And here we disagree. How are such CA's identifying an IKE system in the 
subject? If you mean "kludging the IP address or DNS name into a subject 
field", I have no problem saying that that MUST NOT be done in this 
profile. How do others feel about this?

>Also in the last paragraph of section 3.2:
>"Distinguished names SHOULD be no more than four attribute/value pairs,
each
>of which SHOULD be no more than 128 characters in length (these
restrictions
>do not appear in the PKIX certificate profile)."
>
>Again these are too restrictive.  Names in the subject/issuer are dictated
>by the customers directory setup (for those using one).  In practice I have
>seen longer names than 4 attribute/value pairs.  Length... well I don't
know
>much about multi char character sets but I wouldn't want to limit anything
>which would prevent IPSec certificates being used in foreign languages.

Agree.

> >From Appendix A:
>
>"Regardless of the protocol used, a CA who gets an IKE system's enrollment
>request that includes the subject and subjectAltName desired for the device
>MUST include exactly the same subject and  subjectAltName in the
>certificate. If the CA does not want to issue a certificate with the same
>subject and subjectAltName that was requested, the CA MUST NOT issue a
>certificate with a different name and subjectAltName."
>
>This places an unnecessary burden on the end entity to determine what
>exactly its DN will be, PKIX-CMP and I think CMC both allow the CA to
change
>the DN that is in the request.  If the device must have the exact DN then
it
>means a user somewhere has to type it in, very prone to failure.

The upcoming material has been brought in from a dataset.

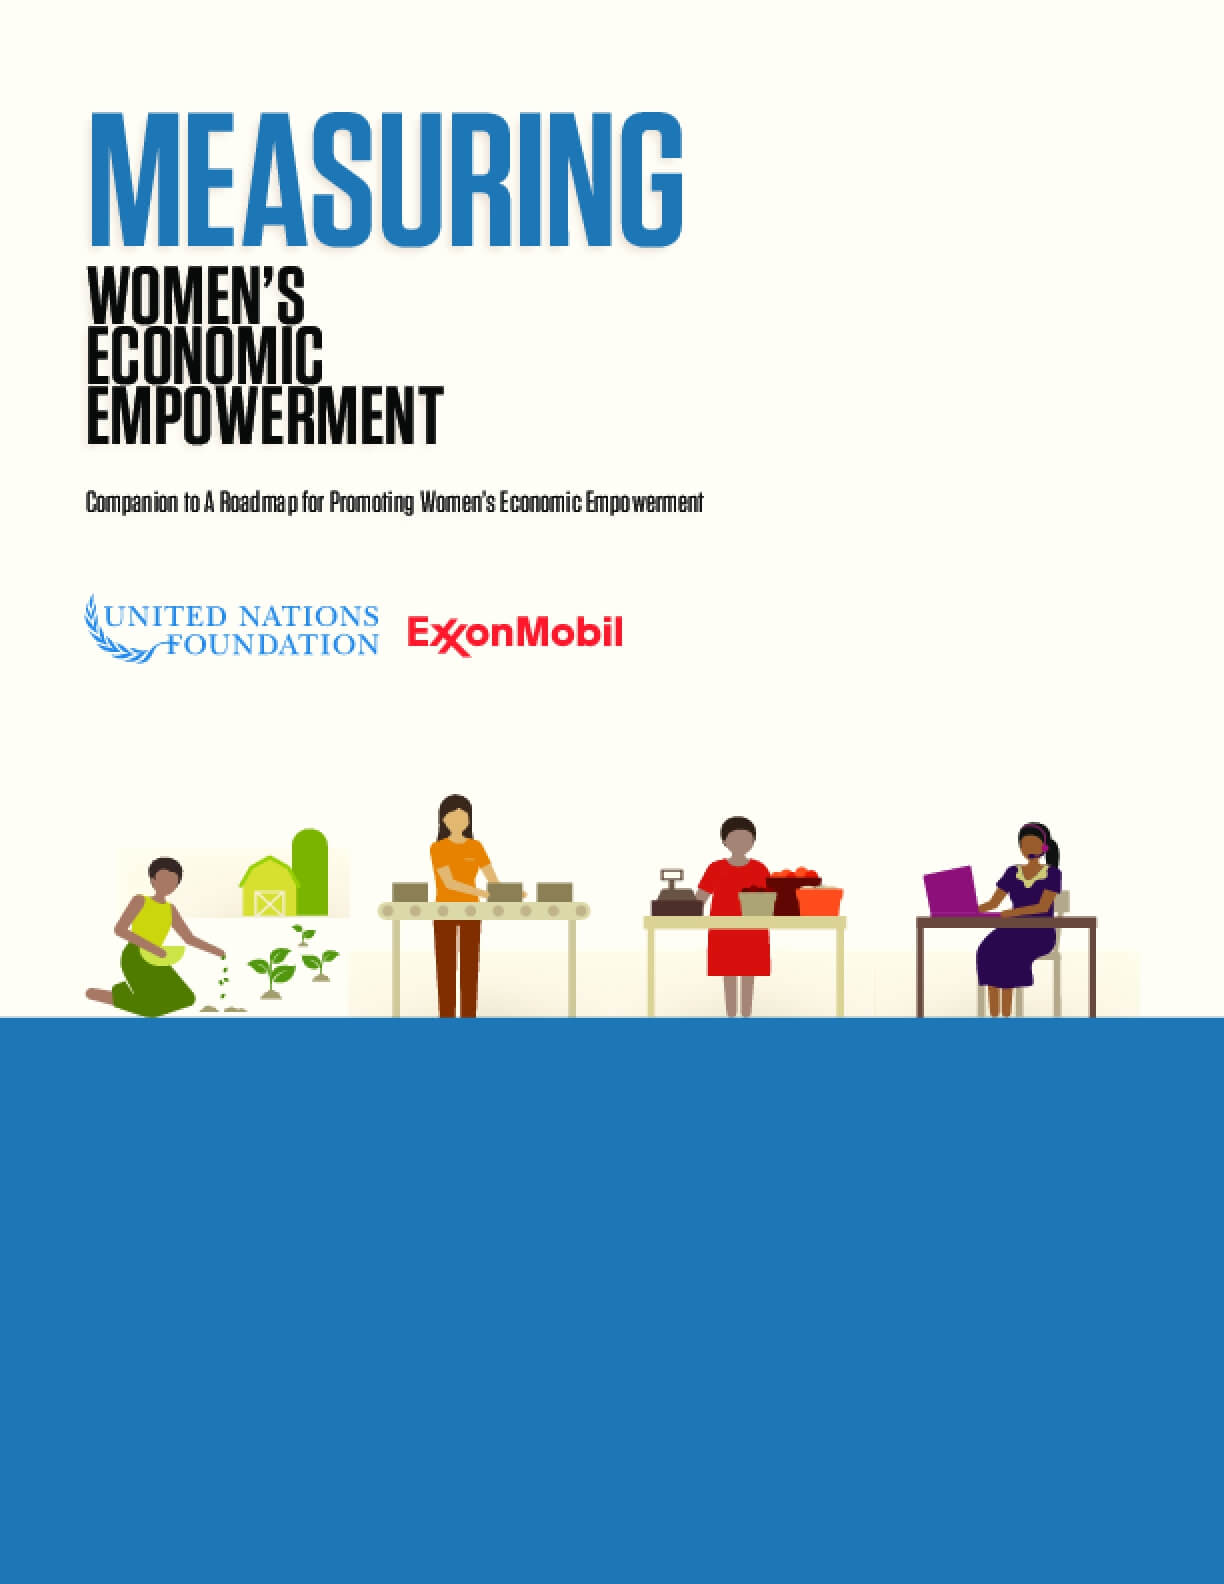 Measuring Women's Economic Empowerment

I agree. I think we should take out that restriction. If the IKE system 
doesn't like the cert it gets (for example, because the CA changed the 
subject or subjectAltName), the system doesn't have to use that cert.

>   Also there
>is no mention of how to verify the request at the CA.  The device should
>generate a hash of the der encoded request and make it available to the
>devices administrator for verification at the CA.  Otherwise the request is
>accepted without verification.

This makes sense to me, and could be part (obviously) of the out-of-band
info.

>   Also mention of how to obtain the CAs keys
>in a secure way, similarly usually done with a hash of the CAs der encoded
>certificate.  May want to add this to the security section?...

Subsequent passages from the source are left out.